Nov 29, 2015, 4:28:28 AM11/29/15

to Finn Thain, Ondrej Zary, James E.J. Bottomley, Michael Schmitz, Linux/m68k, scsi, linux-...@vger.kernel.org

Hi Finn,

On Thu, Nov 26, 2015 at 11:32 PM, Finn Thain <fth...@telegraphics.com.au> wrote:
>> The timekeeping warning does not appear when all 71 patches are applied.
>> Reverse-bisected it - the warning disappears after:
>> [PATCH 50/71] ncr5380: Change instance->host_lock to hostdata->lock
>>
>
> Makes sense. I think that this should solve the problem:
>
> Index: linux/drivers/scsi/NCR5380.c
> ===================================================================
> --- linux.orig/drivers/scsi/NCR5380.c 2015-11-27 09:21:40.000000000 +1100
> +++ linux/drivers/scsi/NCR5380.c 2015-11-27 09:25:36.000000000 +1100
> @@ -230,7 +230,7 @@ static int NCR5380_poll_politely2(struct
> unsigned long n;
>
> /* Busy-wait for up to 1 jiffy */
> - n = loops_per_jiffy;
> + n = 1 + loops_per_jiffy / 10;
> do {
> if ((NCR5380_read(reg1) & bit1) == val1)
> return 0;

This still heavily depends on the processing time spent in NCR5380_read().
You should never use a value derived from loops_per_jiffy for a non-empty loop,
as it may take much longer. Always compare with an maximum end time instead.

E.g.:

end = jiffies + 2; /* 1 jiffie + 1 safeguard */

do {
if ((NCR5380_read(reg1) & bit1) == val1)
return 0;

cpu_relax();
} while (time_before(jiffies, end);

And a similar loop for "Busy-wait for up to 20 ms".

Gr{oetje,eeting}s,

Geert

--
Geert Uytterhoeven -- There's lots of Linux beyond ia32 -- ge...@linux-m68k.org

In personal conversations with technical people, I call myself a hacker. But
when I'm talking to journalists I just say "programmer" or something like that.
-- Linus Torvalds

Finn Thain

unread,

Nov 29, 2015, 5:26:55 AM11/29/15

to Geert Uytterhoeven, Ondrej Zary, James E.J. Bottomley, Michael Schmitz, Linux/m68k, scsi, linux-...@vger.kernel.org

On Sun, 29 Nov 2015, Geert Uytterhoeven wrote:

> This still heavily depends on the processing time spent in
> NCR5380_read(). You should never use a value derived from
> loops_per_jiffy for a non-empty loop,

Sure but the time-out condition isn't supposed to be precise.
Plus/minus a jiffy is no problem. Plus/minus a second is no good.

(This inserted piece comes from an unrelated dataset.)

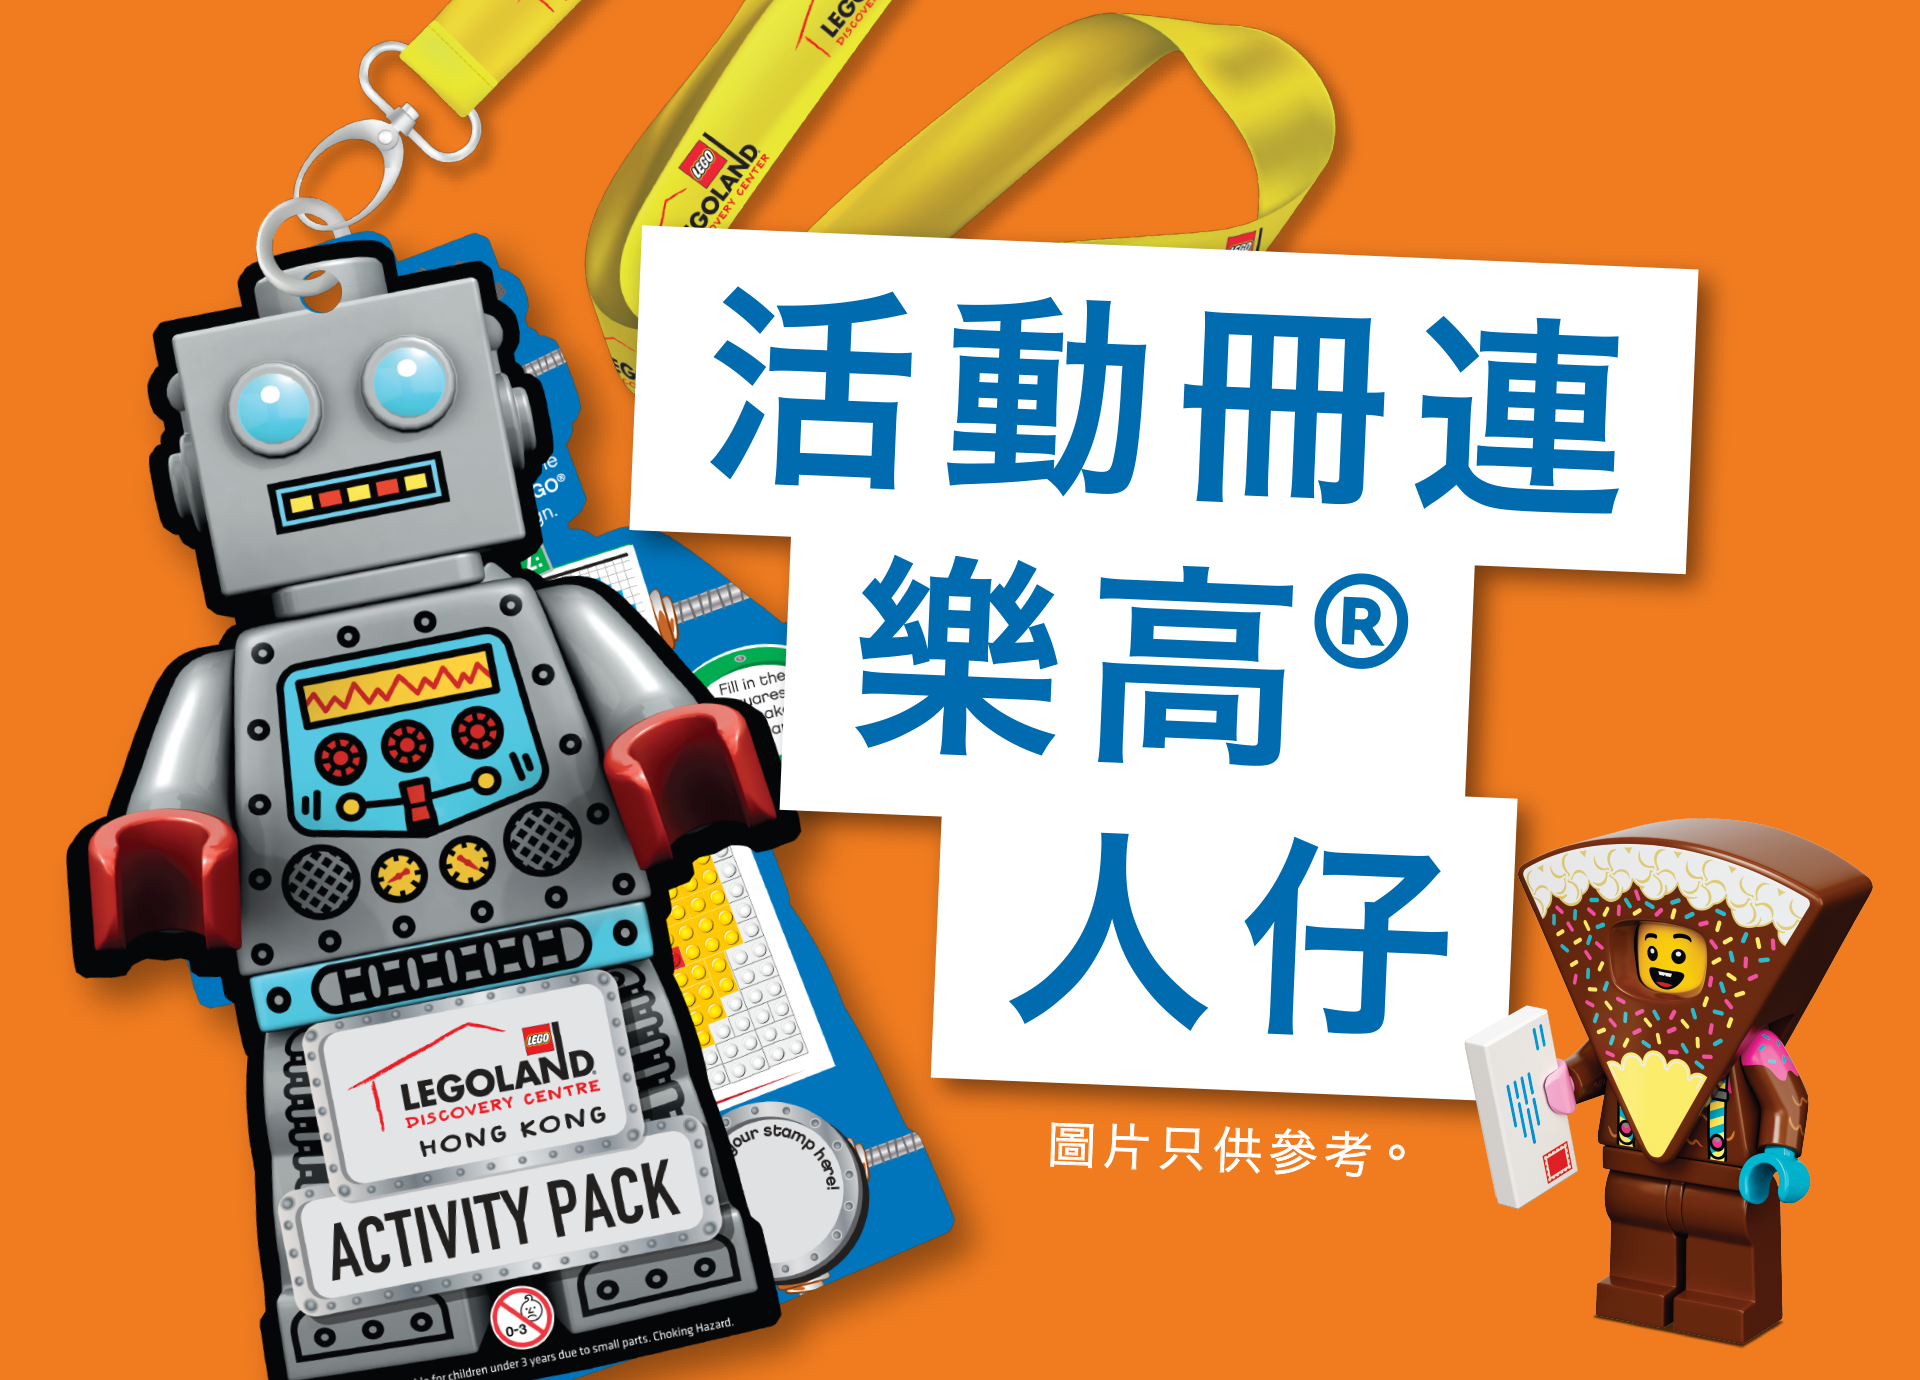 LDCHK Website Images ACTIVITY PACK WITH LANYARD 1920X1380px CHI

> as it may take much longer. Always compare with an maximum end time
> instead.

That can't work with interrupts disabled, which was the problem I was
trying to solve by use of loops_per_jiffy.

NCR5380_poll_politely() in mainline doesn't work with interrupts disabled
either, hence patch 21.

>
> E.g.:
>
> end = jiffies + 2; /* 1 jiffie + 1 safeguard */
> do {
> if ((NCR5380_read(reg1) & bit1) == val1)
> return 0;
> cpu_relax();
> } while (time_before(jiffies, end);
>
> And a similar loop for "Busy-wait for up to 20 ms".

Interrupts may be disabled during that loop also. Please refer to (and/or
respond to) patch 21, "ncr5380: Sleep when polling, if possible", in which
these changes were made.

--

>
> Gr{oetje,eeting}s,
>
> Geert
>
--

Geert Uytterhoeven

unread,

Nov 29, 2015, 8:51:11 AM11/29/15

to Finn Thain, Ondrej Zary, James E.J. Bottomley, Michael Schmitz, Linux/m68k, scsi, linux-...@vger.kernel.org

Hi Finn,

On Sun, Nov 29, 2015 at 11:25 AM, Finn Thain <fth...@telegraphics.com.au> wrote:
> On Sun, 29 Nov 2015, Geert Uytterhoeven wrote:
>> This still heavily depends on the processing time spent in
>> NCR5380_read(). You should never use a value derived from
>> loops_per_jiffy for a non-empty loop,
>
> Sure but the time-out condition isn't supposed to be precise.
> Plus/minus a jiffy is no problem. Plus/minus a second is no good.

If an ISA access takes 8 µs, while the CPU runs at 1 GHz, i.e. 500M loops/s,
the difference will be huge.

>> as it may take much longer. Always compare with an maximum end time
>> instead.
>
> That can't work with interrupts disabled, which was the problem I was
> trying to solve by use of loops_per_jiffy.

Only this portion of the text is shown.